Ayah al-asy’ari adalah seorang yang berfaham ahlusunnah dan ahli hadits. Ia wafat
ketika Al-asy’ari masih kecil. Sebelum wafat ia berwasiat kepada sahabatnya yang
bernama Zakaria bin Yahya As- saji agar mendidik Al-asy’ari. Berkat didikan ayah
tirinya, Al-asy’ari kemudian menjadi tokoh mutazilah. [12]
Menurut Ibnu asakir, Al-asy’ari meninggalkan faham mutazilah karena ia telah
bermimpi bertemu dengan Rasulullah SAW. Sebanyak tiga kali yaitu pada malam ke-
10, 20 dan 30 bulan Ramadhan.
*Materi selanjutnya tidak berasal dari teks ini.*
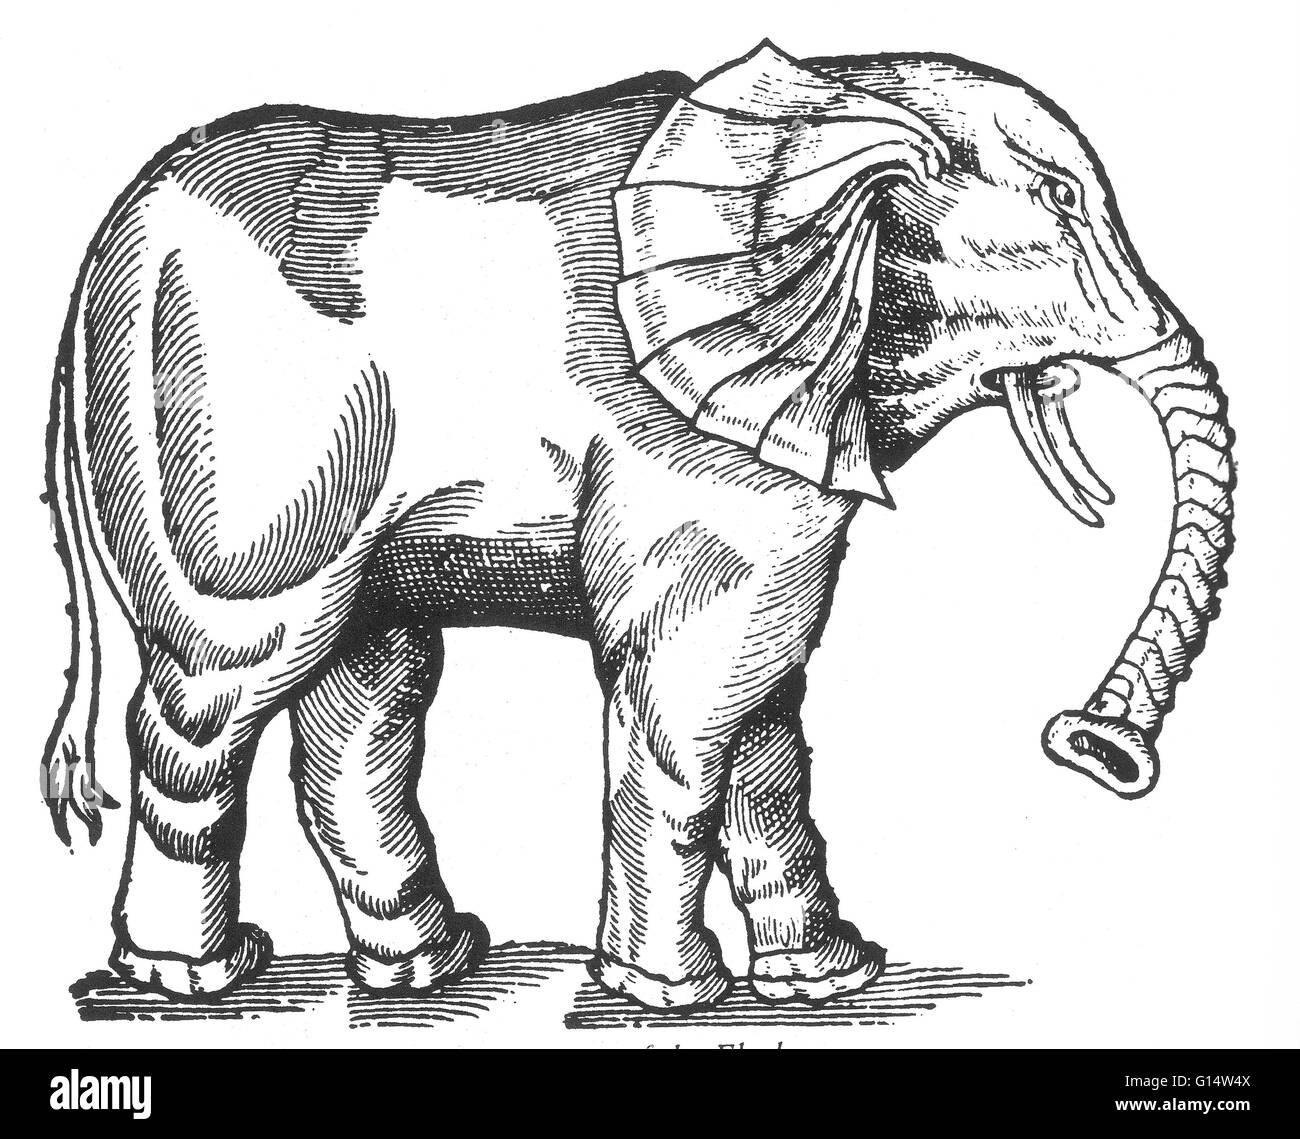 Gravure sur bois d'un "Elephant" de Des Monstres et prodiges d'Ambroise Paré, 1573. Des monstres est rempli avec des comptes du sea devils, truies, marine et d'animaux monstrueux avec des visages humains. Fort de son analyse de la reproduction et illus Banque D'Images

Dalam mimpinya Rasulullah mengingatkan agar
meninggalkan faham mutazilah dan beralih kepada faham yang telah diriwayatkan
dari beliau
2. AL-MATURIDI

a. Latar Belakang Kemunculan Al-Maturidi

Abu Manshur Muhammad ibn Muhammad ibn Mahmud Al-Maturidi. Ia


dilahirkan di sebuah kota kecil di daerah Samarkan yang bernama Maturid, di
wilayah Trmsoxiana di Asia Tengah, daerah yang sekarang disebut Uzbekistan.
Tahun kelahirannya tidak diketahui pasti, hanya diperkirakan sekitar pertengahan
abad ke-3 hijriyah. Ia wafat pada tahun 333 H/944 M. gurunya dalam bidang fiqih
dan teologi yang bernama Nasyr bin Yahya Al-Balakhi, ia wafat pada tahun 268
H. al-Maturidi hidup pada masa khalifah Al-Mutwakil yang memerintah pada
tahun 232-274 H/847-861 M.[15]
Karir pendidikan Al-Maturidi lebih dikonsentrasikan untuk menekuni bidang
teologi dari pada fiqih. Pemikiran-pemikirannya banyak dituangkan dalam bentuk
karya tulis, diantaranya adalah kitab Tauhid, Ta’wil Al-Qur'an Makhas Asy-
Syara’I, Al-Jadl, Ushul fi Ushul Ad-Din, Maqalat fi Al-Ahkam Radd Awa’il Al-
Abdillah li Al-Ka’bi, dll. Selain itu ada pula karangan-karangan yang diduga
ditulis oleh Al-Maturidi, yaitu Risalah fi Al-aqaid dan syarh Fiqh Al-akbar.